Calculate and display NLP metrics on large corpora over time.
Python 3.5+, mostly due to type annotations.
This library provides a simple interface to compute various NLP metrics on large corpora. It was originally developed in collaboration with Professor Cathie Jo Martin for her research into historical trends in word use across a large corpus of British and Danish literature.
The functions in this library assume a particular schema for input data. In particular, a corpus is expected to be of the form:
<root_directory>/
<volume1.json>
<volume2.json>
...
...
<volumeN.json>
And each JSON file is expected to be structured as follows:
{
"0": {
'Title': <string>,
'Author': <string>,
'Year Published': <string>,
'Text': <list of string tokens>
}
"1": {
'Title': <string>,
'Author': <string>,
'Year Published': <string>,
'Text': <list of string tokens>
}
...
...
"<n>": {
'Title': <string>,
'Author': <string>,
'Year Published': <string>,
'Text': <list of string tokens>
}
}
Each JSON file is assumed to hold multiple volumes (0, 1, ... <n>) so as to save space when dealing
with large corpora of small volumes (reddit comments, tweets, etc.).
Several parsing scripts are provided at parsing/ that can be used to build datasets from
several sources.
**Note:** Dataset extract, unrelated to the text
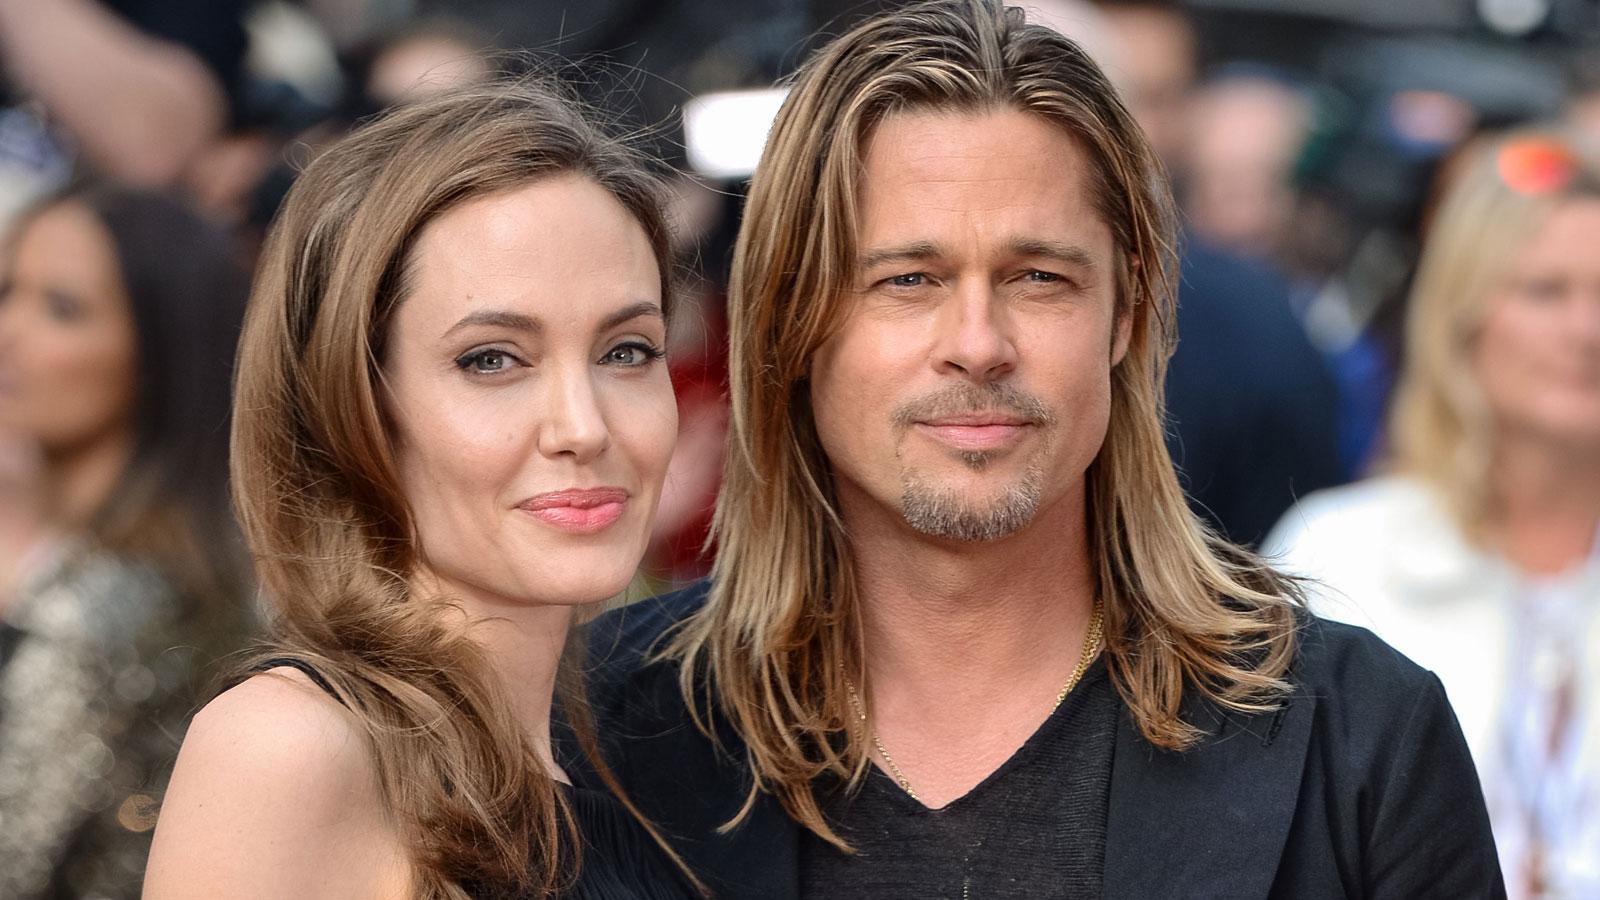 VÍDEO: Brad Pitt acusa a Angelina Jolie por ser una manipuladora

Right now, however, only parsing for the Reddit dataset (at parsing/reddit)
is up to date.
Begin by instantiating a corpus as follows:
MyCorpus = corpus.Corpus(
'MyCorpus',
'<path_to_corpus>'
)
To build a record of word frequencies over the periods 1800-1820 & 1820-1840:
MyFrequency = MyCorpus.frequency(
'MyFrequency',
[1800, 1820, 1840],
['<word1', '<word2>', ... '<wordN>']
)
MyFrequency.take_freq()
The results can be displayed to terminal, or written to a JSON file for later use:
MyFrequency.display()
MyFrequency.write_to_json('<output_path1>')
When working with a very large corpus, it is useful to amortize the cost of calculating word frequencies by writing the frequency records to file:
MyFrequency.write_freq('<output_path2>,json')
Those records can then be loaded in the future and applied to further queries as follows:
MyCorpus = corpus.Corpus(
'MyCorpus',
'<path_to_corpus>'
)
MyFrequency = MyCorpus.frequency(
'MyFrequency',
[1800, 1820, 1840],
['<word1', '<word2>', ... '<wordN>']
)
MyFrequency.frequency_from_file('<path_from_2>.json')
MyFrequency.take_freq()
Frequency results can be graphed:
MyGraph = graph.GraphFrequency([MyFrequency]).create_plot()
MyGraph.show()
Multiple corpora can also be graphed alongside one another:
CorpusTwo = corpus.Corpus(
'CorpTwo',
'<path_to_corpus_two>'
)
FreqTwo = CorpusTwo.frequency(
'freq_two',
[1800, 1820, 1840],
['<new_word1>', '<new_word2>', ... , '<new_wordN>']
)
FreqTwo.take_freq()
MyGraphTwo = graph.GraphFrequency([MyFrequency, FreqTwo]).create_plot()
MyGraphTwo.show()
Output JSON files can also be passed to a graph alongside Frequency objects:
FreqTwo.write_to_json('<output_path>')
MyGraph = graph.GraphFrequency([FreqOne, '<path_from_1>.json']).create_plot().show()
This library also provides TF-IDF scoring, LDA / LSI Topic Modeling, and Difference in Proportions functions that can be applied to corpora in ways similar to the above.